Let $\eta(\tau)$ be the Dedekind eta function and $f(\tau)=C\frac{\eta(\tau)\eta(4\tau)}{\eta(2\tau)^4}$, with the constant $C=2^{1/4}\eta(i)^2$. My questions concern the minimal polynomials of $f(\frac{i}{2p})$, $p$ an odd prime. The minimal polynomials seem to exhibit simple patterns (see below) and I would like to understand this better. Not being very familiar with algebraic number theory, my questions are: 1) are patterns like these expected? 2) if so, is there an intuitive understanding of them? 3) recommended reading?

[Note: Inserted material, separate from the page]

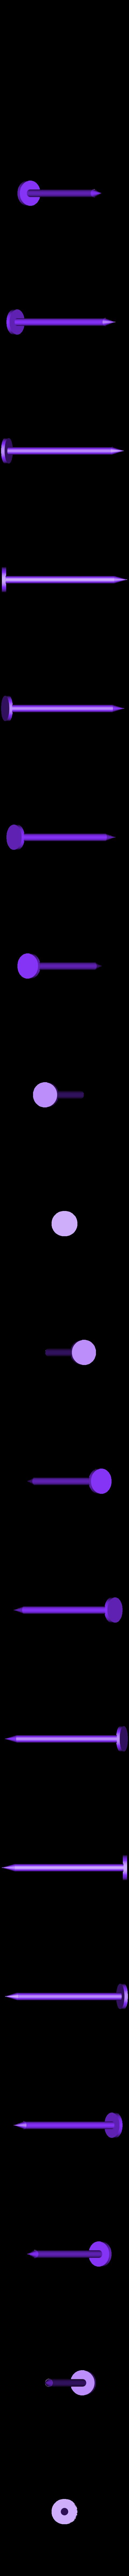 Caulk_Tube_Nail_Plug_-_Vert.stl Download free STL file Caulk Tube Nail Plug • 3D printable design, Mr_Tantrum
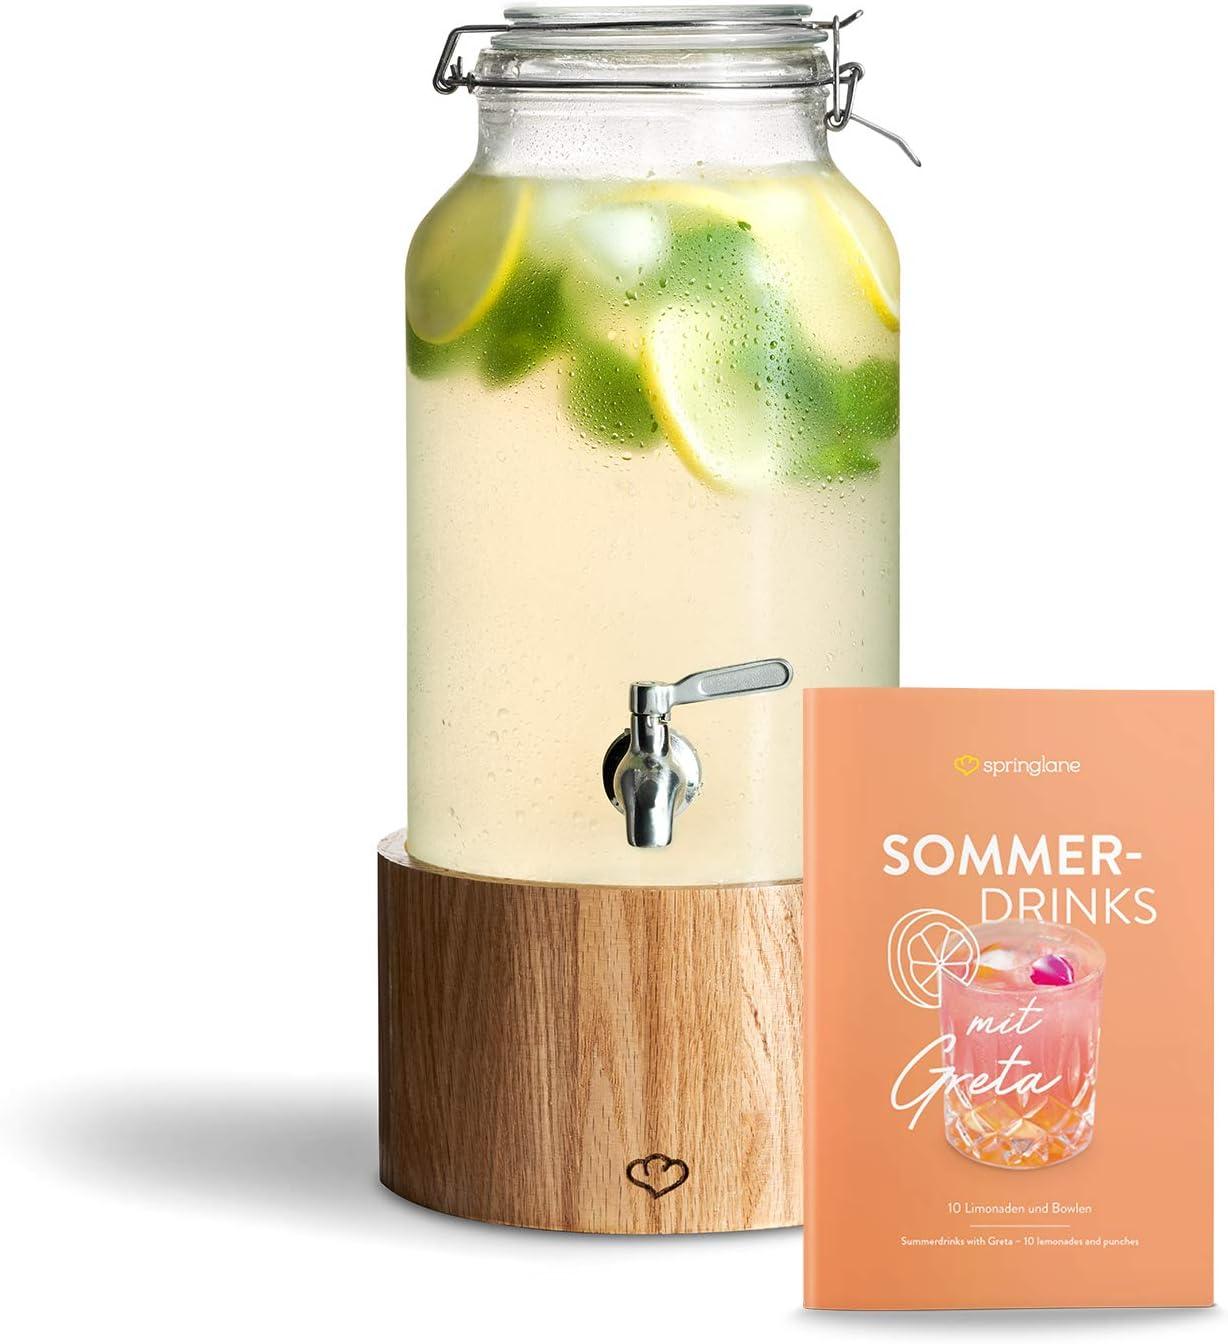 Dispensador de Bebidas 5.0 L con Grifo de Acero Inoxidable GRETA, Dispensador Bebidas Botella vidrio con soporte de Madera Mason Jar Vintage Design

Let $M_p(x)$ be the minimal polynomial of $f(\frac{i}{2p})$ when $p\equiv 1 \pmod 4$, and let it be the minimal polynomial of $f(\frac{i}{2p})^4$ when $p\equiv 3 \pmod 4$. A few examples of such minimal polynomials, so we are on the same page:
$$M_{13}(x)=x^3-9x^2+x-1,$$
$$M_{41}(x)=x^{10} - 168222x^9+194609x^8+41520x^7-47346x^6-25332x^5-4530x^4-48x^3+113x^2+18x+1,$$
$$M_{19}(x)=x^5-17041207x^4-236870x^3-6142x^2-11x-\frac{1}{19}.$$
The patterns I am referring to concern the degree 1 coefficient (most surprising to me), the constant term, and the degree of the minimal polynomials.
Degree
The degree of $M_p(x)$ is $\frac{p-1}{4}$ when $p\equiv 1 \pmod 4$ and $\frac{p+1}{4}$ when $p\equiv 3 \pmod 4$.
Constant Term
When $p\equiv 1 \pmod 4$, $M_p(0)=1$ if $p=x^2+32y^2$ for some natural numbers $x$ and $y$, otherwise $M_p(0)=-1$. So, the first $p$ with constant term $1$ are $41, 113, 137, 257, 313, 337, 353$.
When $p\equiv 3 \pmod 4$, $M_p(0)=-\frac{1}{p}$.
Degree 1 Coefficient
For $p\equiv 1\pmod 4$, let $p=even^2+odd^2$, where $even$ and $odd$ are even and odd natural numbers, respectively.
When $p\equiv 5\pmod 8$, the degree 1 coefficient of $M_p(x)$ is $\frac{even}{2}(-1)^{even/4-1/2}$.
When $p\equiv 1\pmod 8$, the degree 1 coefficient of $M_p(x)$ is $$2\left\lfloor \frac{odd}{4}+\frac{1}{4}\right\rfloor(-1)^{\lfloor odd/4-1/4\rfloor}+h(-4p^2)(-1)^{(p+7)/8},$$ where $h(d)$ is the class number for discriminant $d$. So, the degree 1 coefficients for $p=5,13,17,29,37,41,53,61,73,89,97,\ldots,353$ are $1,1,-8,1,-3,18,1,-3,38,42,-44,\ldots,-168$.
I haven't found a simple result yet for the degree 1 coefficient when $p\equiv 3 \pmod 4$, though I haven't looked much. The degree 2 coefficients for $p\equiv 1 \pmod 4$ are very suggestive, but I haven't found the pattern, yet, either.
Are these types of formulas typical for eta quotients? I haven't found many references to general properties of eta quotient minimal polynomials, mainly computations for specific values. Is there any intuition behind any of the details, such as the role of $x^2+32y^2$ in the constant term or the dependence of the degree 1 coefficient on the class number when $p\equiv 1 \pmod 8$, but not when $p \equiv 5 \pmod 8$?
It is important to note that I am not claiming to have proven any of the above, merely to have observed it after finding putative minimal polynomials for $p<200$ and $p\leq 353$ for $p\equiv 1 \pmod 4$ using PARI/GP's algdep function and high precision (e.g., 50,000 digits). (Don't know whether it's worthwhile to share all those minimal polynomials here, but it's straightforward to find them with PARI/GP.)
Thanks!